Around 300 county employees volunteer for the pre-dawn count each year, but it takes more — around 1,700 — total volunteers to be effective in the count, which runs from 4-8 a.m.
“It’s so important that we come together as a region to take part in an effort, like Point-in-Time Count, that guides where we direct resources and how we advocate for funding to support our unhoused neighbors,” said County Supervisor Paloma Aguirre. “I remain committed to being a steadfast presence and partner in meeting the unique needs of our downtown neighborhoods and across the county of San Diego as we continue addressing the region’s homelessness crisis. Insights from this count will help guide these shared efforts.”
The annual Point-in-Time Count is coordinated by San Diego’s Regional Task Force on Homelessness and provides a one-day total of the number of people experiencing homelessness in San Diego County, including those in emergency shelters and safe parking lots.
“The Point-in-Time Count is a vital tool that helps us understand homelessness in our community and shape how we approach solutions,” said Dijana Beck, director of the County Office of Homeless Solutions. “Every volunteer plays a critical role in ensuring we have accurate data to secure resources and create programs that make a real difference. We encourage county residents to join us in this effort.”

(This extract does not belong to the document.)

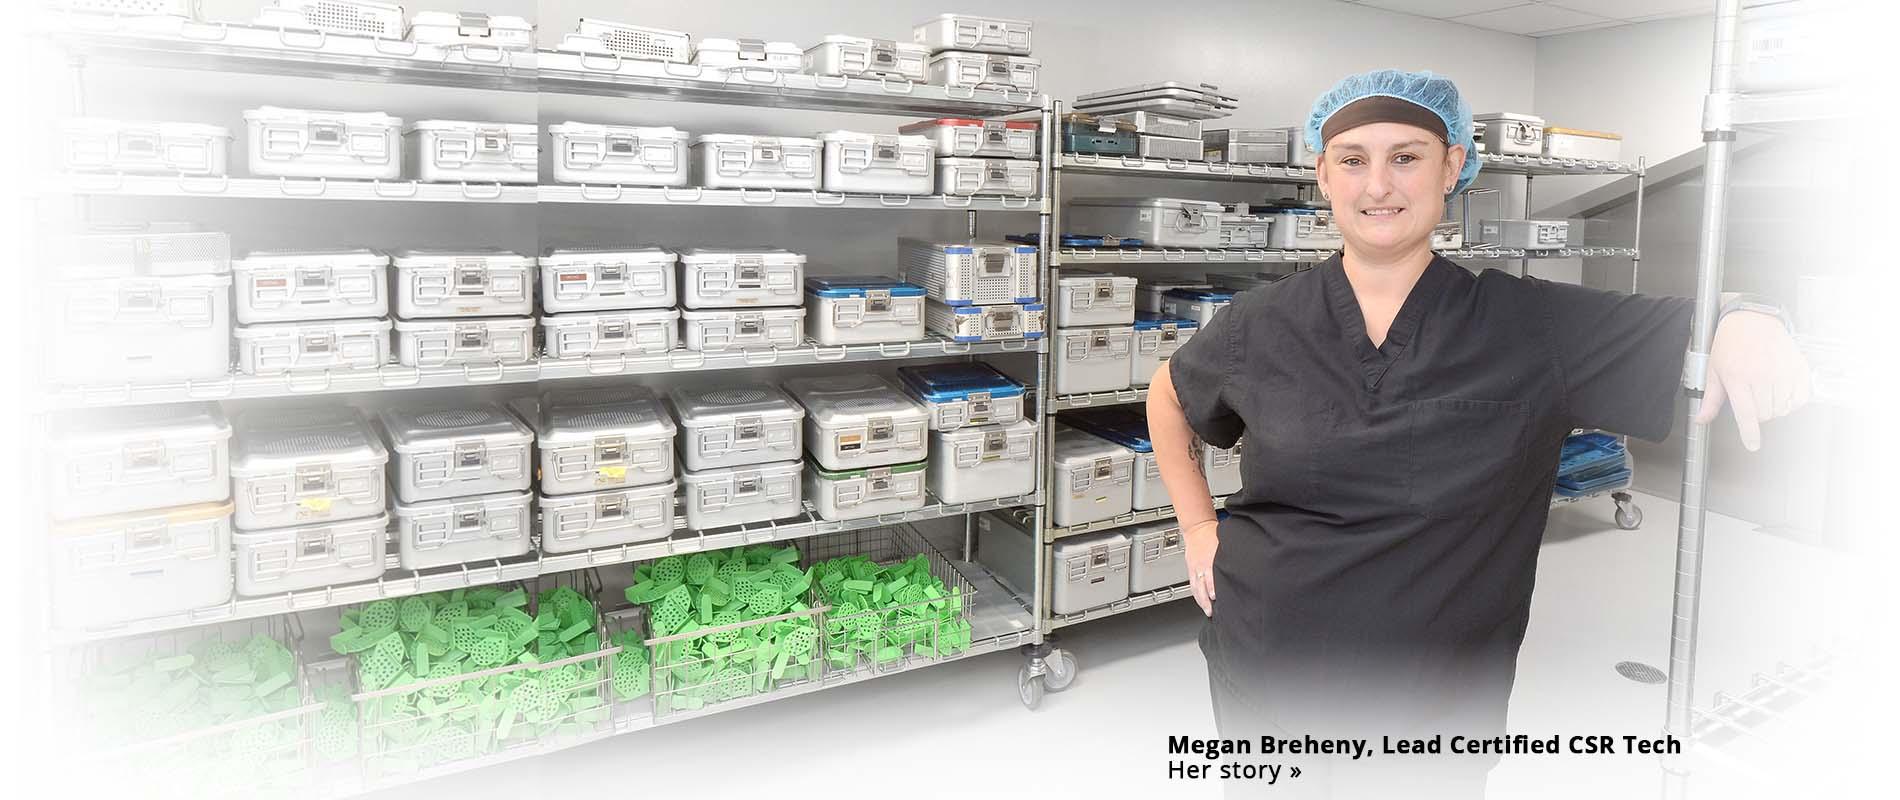 Megan Breheny  Sterile Reprocessing room

Last year, the number of people experiencing homelessness in San Diego County dropped by 7%, and dropped by about 14% in the city of San Diego, according to the data. The volunteers found no fewer than 9,905 people experiencing homelessness throughout the county, down from 10,605 in 2024. Last year’s data showed 5,714 unsheltered San Diegans and 4,191 individuals in shelters and transitional housing.

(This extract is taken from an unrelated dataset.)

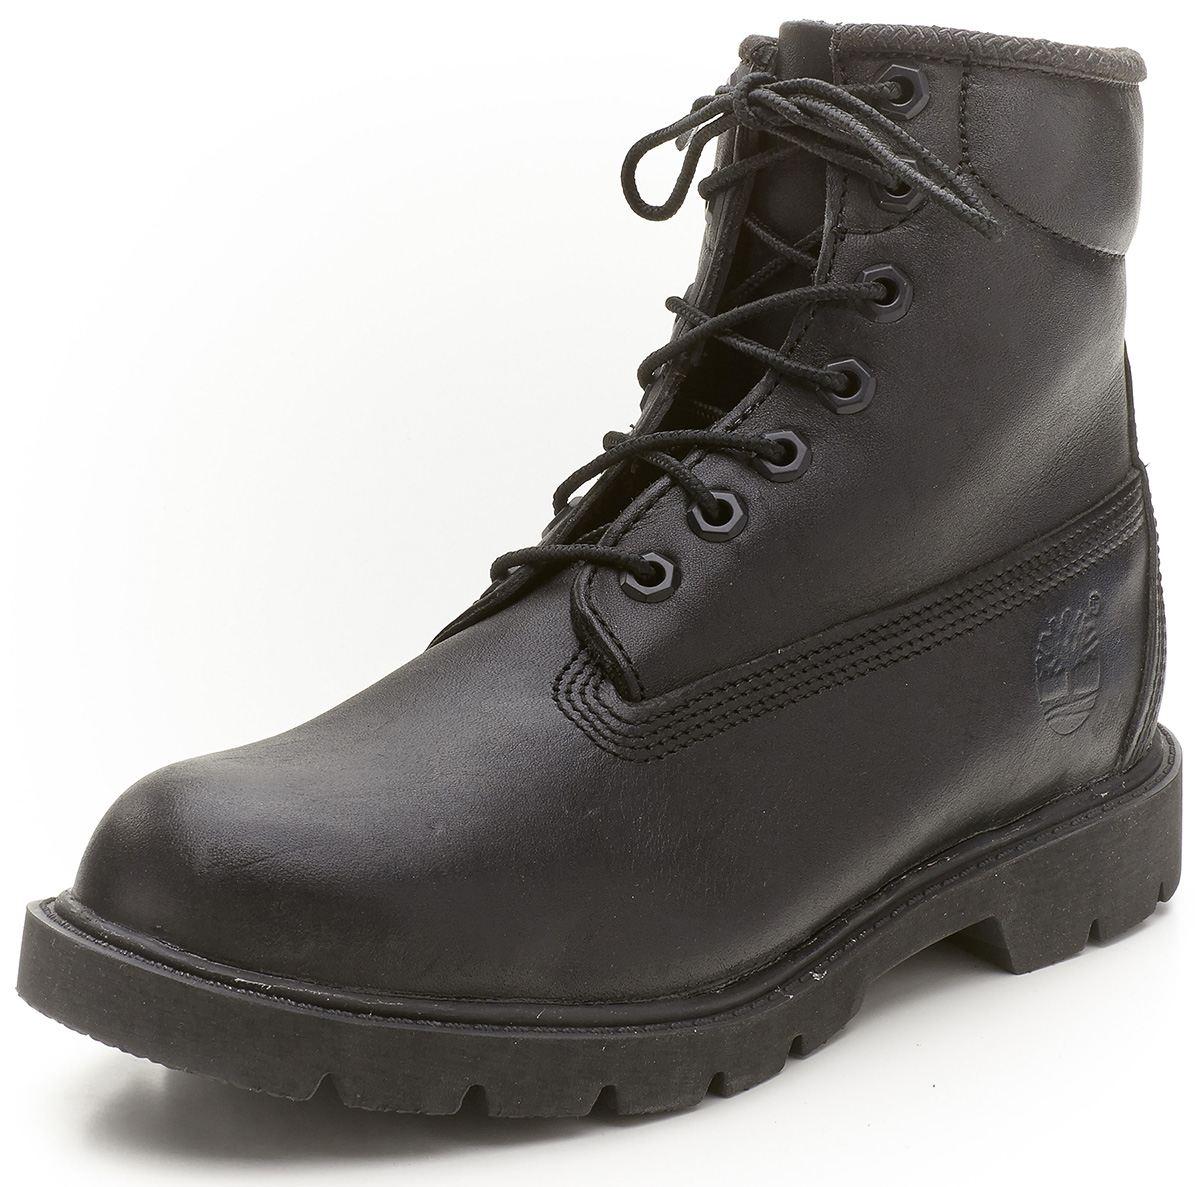 Timberland Basic 6 034 original waterproof black boots

“This annual event represents a perfect opportunity for members of the community to truly listen, see and connect with our neighbors in need,” said Deacon Jim Vargas, president and CEO of homelessness-focused nonprofit Father Joe’s Villages. “When we survey neighbors face to face, we can get a better understanding of their exact needs and connect them to life-changing resources and services that have the power to end homelessness for good.”
The RTFH organizes and trains the volunteers. Those who have signed up will go out in small groups to help conduct a brief survey and do a headcount of people they encounter living outside.
The information collected is used to apply for federal and state funding to help people experiencing homelessness.
Following the count, Serving Seniors will host the CARE Senior Resource Fair at its Serving Seniors Gary and Mary West Senior Wellness Center at 1525 4th Ave. from 10 a.m. to 2 p.m. Volunteers will pass out information about the resource fair during the PITC.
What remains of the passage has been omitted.